Even smells can affect you in your sleep and just as burning incense might relax you, the pungent odour of old shoes can be off putting and lead to a disturbed sleep. One thing to do then is to make sure that anything particularly foul smelling is removed from your room and to use an air freshener or an odour killer to remove the existing smells.

Temperature

If your temperature is uncomfortable then this can cause you to sleep less deeply or to wake in the night to re-adjust. Make sure that your room is a good temperature when you drift off, but also make sure that you use lots of layers so that you have the option to add or take off blankets as the night goes on without having to get up. As a very general rule you’re normally less likely to wake up for being too hot than you are to wake up for being too cold so lay those blankets on thick!

Décor

The way your room looks and feels can actually have a big impact on your psychology and can make you feel more or less comfortable. Partly this is also a matter of personal preference though – for instance some people enjoy having wide open spaces if they have a tendency toward claustrophobia, while others prefer smaller spaces that they feel are ‘cosy’. Decide what works for you.
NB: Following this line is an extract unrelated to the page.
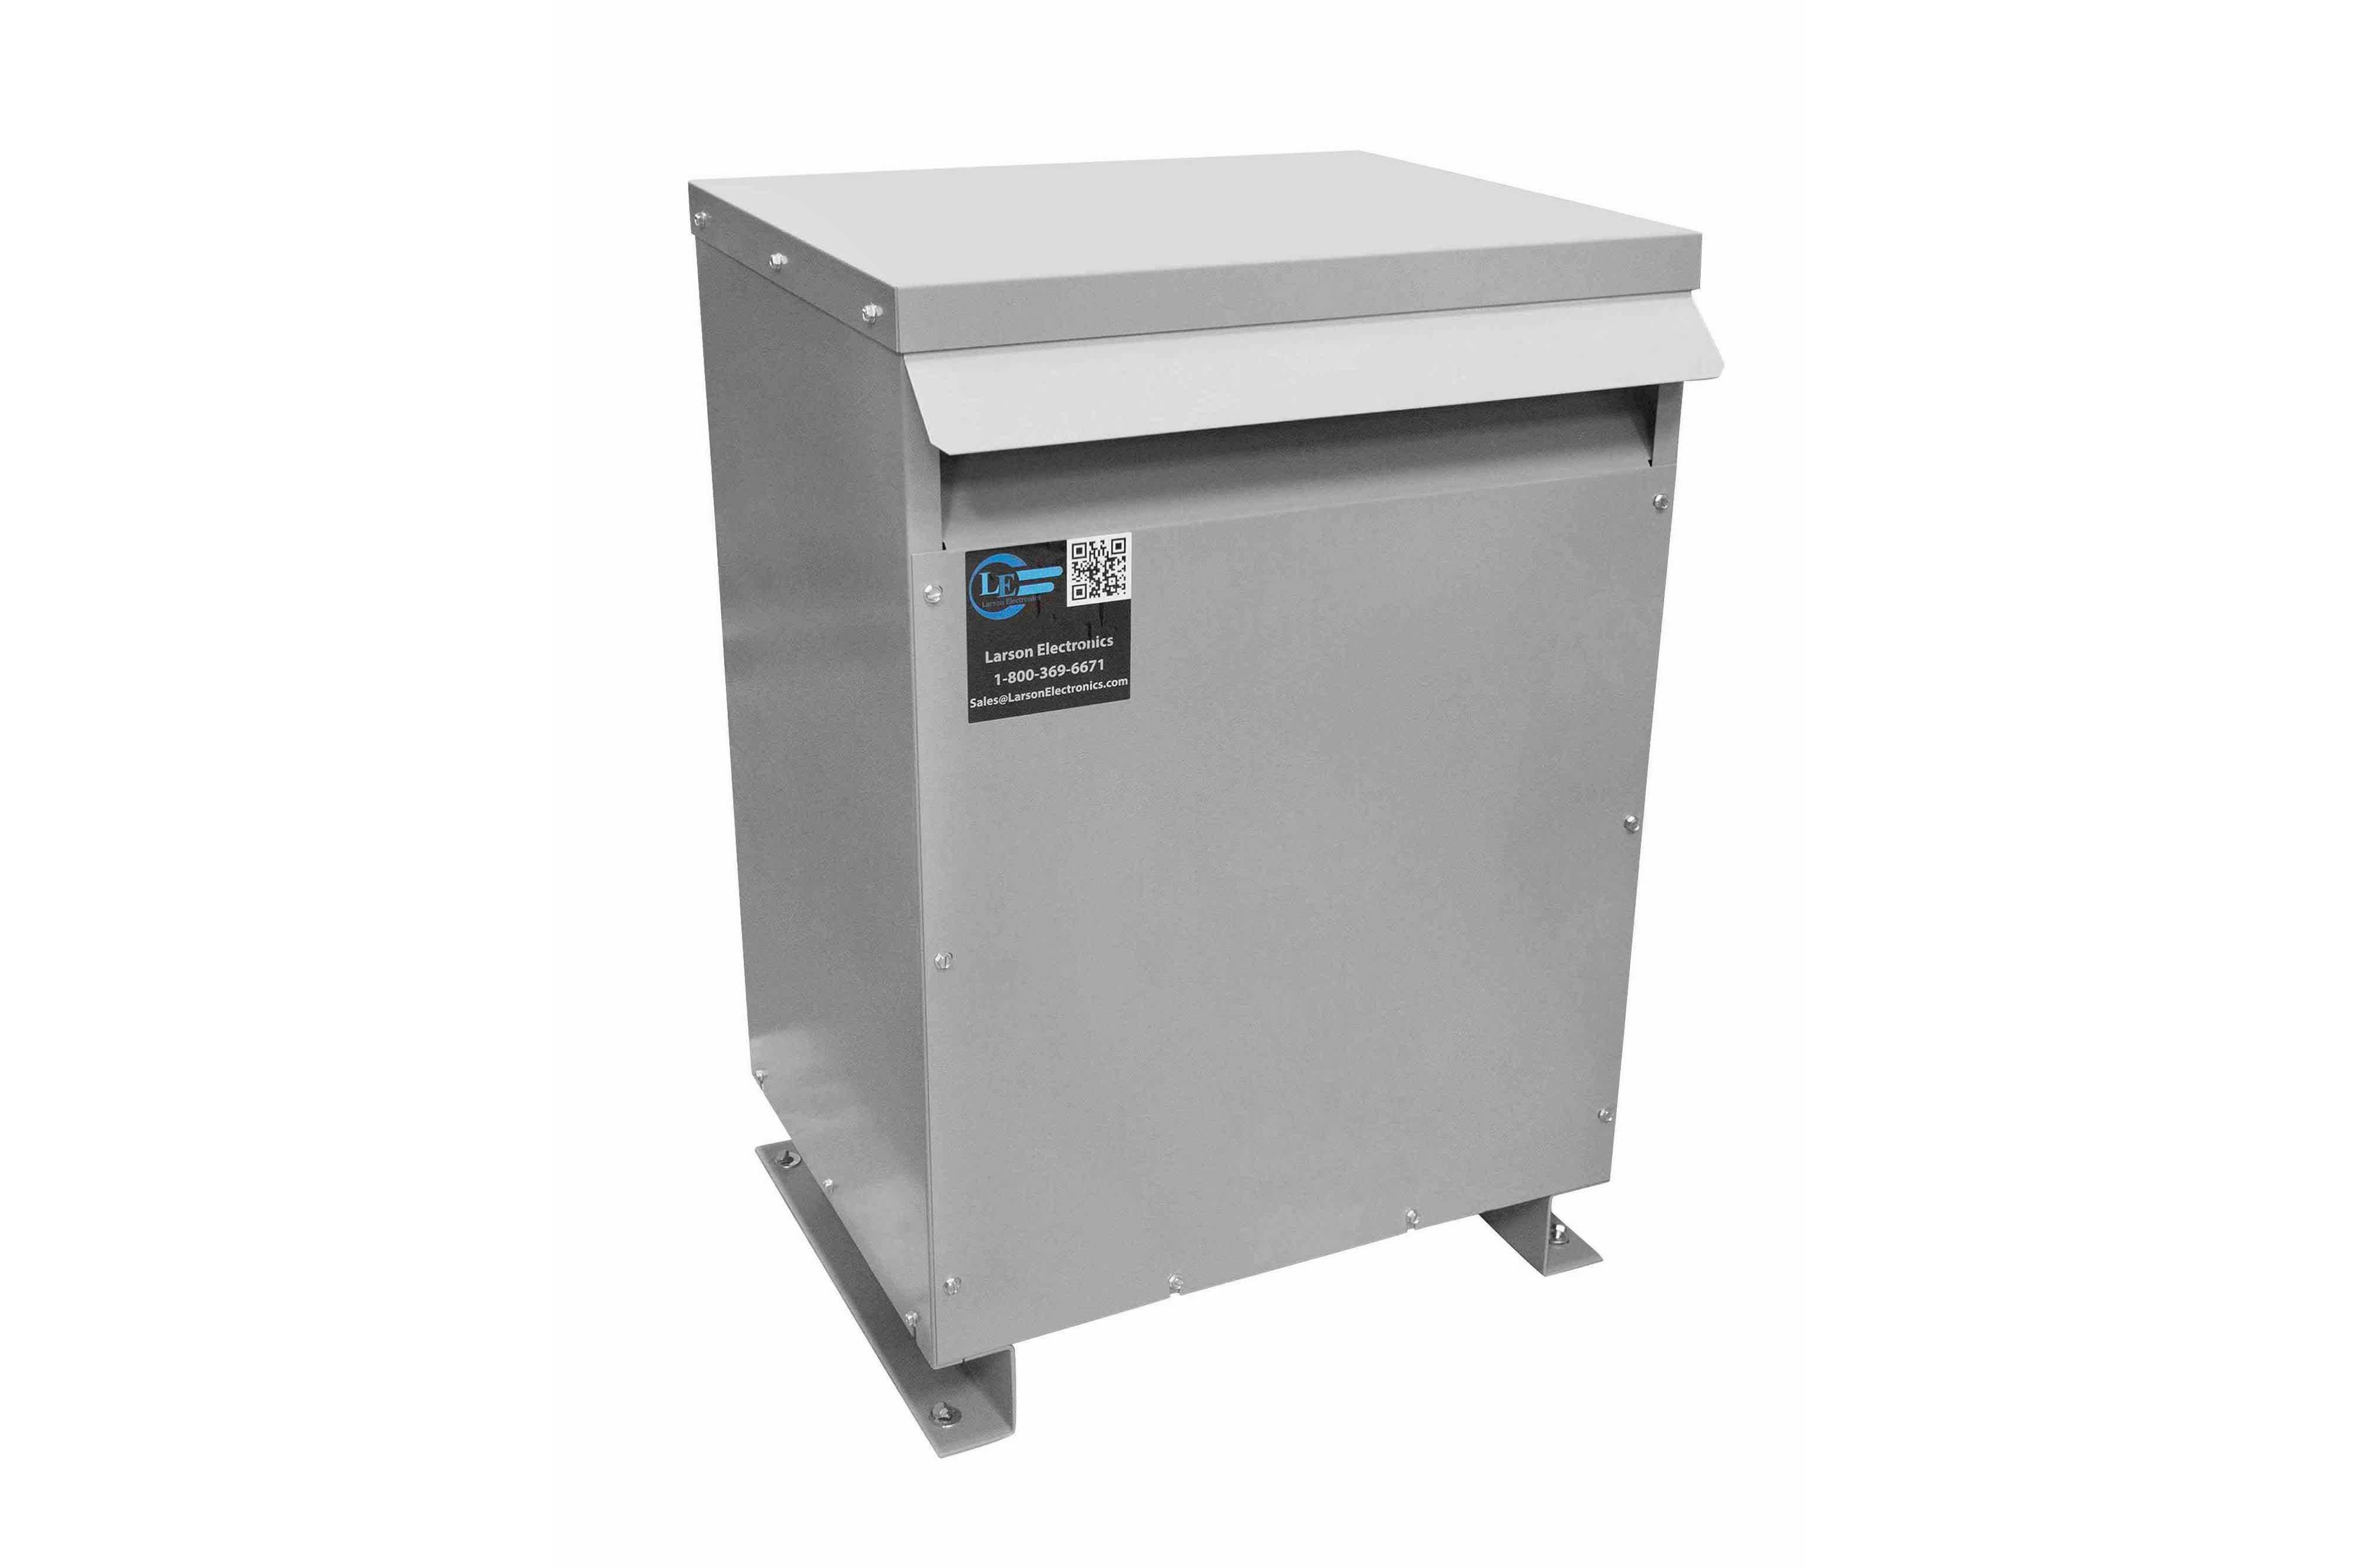 200 kVA 3PH Isolation Transformer, 400V Wye Primary, 600Y/347 Wye-N Secondary, N3R, Ventilated, 60 Hz

Important though is to make sure your room is clean and tidy and that it is well presented. If your room is disorganized with socks strewn everywhere this can make it less pleasant to relax in and the unconscious stress of knowing you should tidy will play on your mind.

Likewise try to decorate your room with colours, items and images that will be relaxing and peaceful. In other words it’s much better to have a picture of a scenic brook babbling through the forest than it is to have a loud and colourful picture of Optimus Prime punching Megatron in the face. Exciting images with garish colours and lots of movement are better saved for other rooms, whereas in your bedroom you should try to create a minimalistic calm.

Finally, try to keep anything that’s associated with work or any kind of stress out of your room. That means no laptops and ideally no mobile phones either. Anything that you associate with being pestered or having to be productive will have unconscious associations that are not conducive to sleep and relaxation.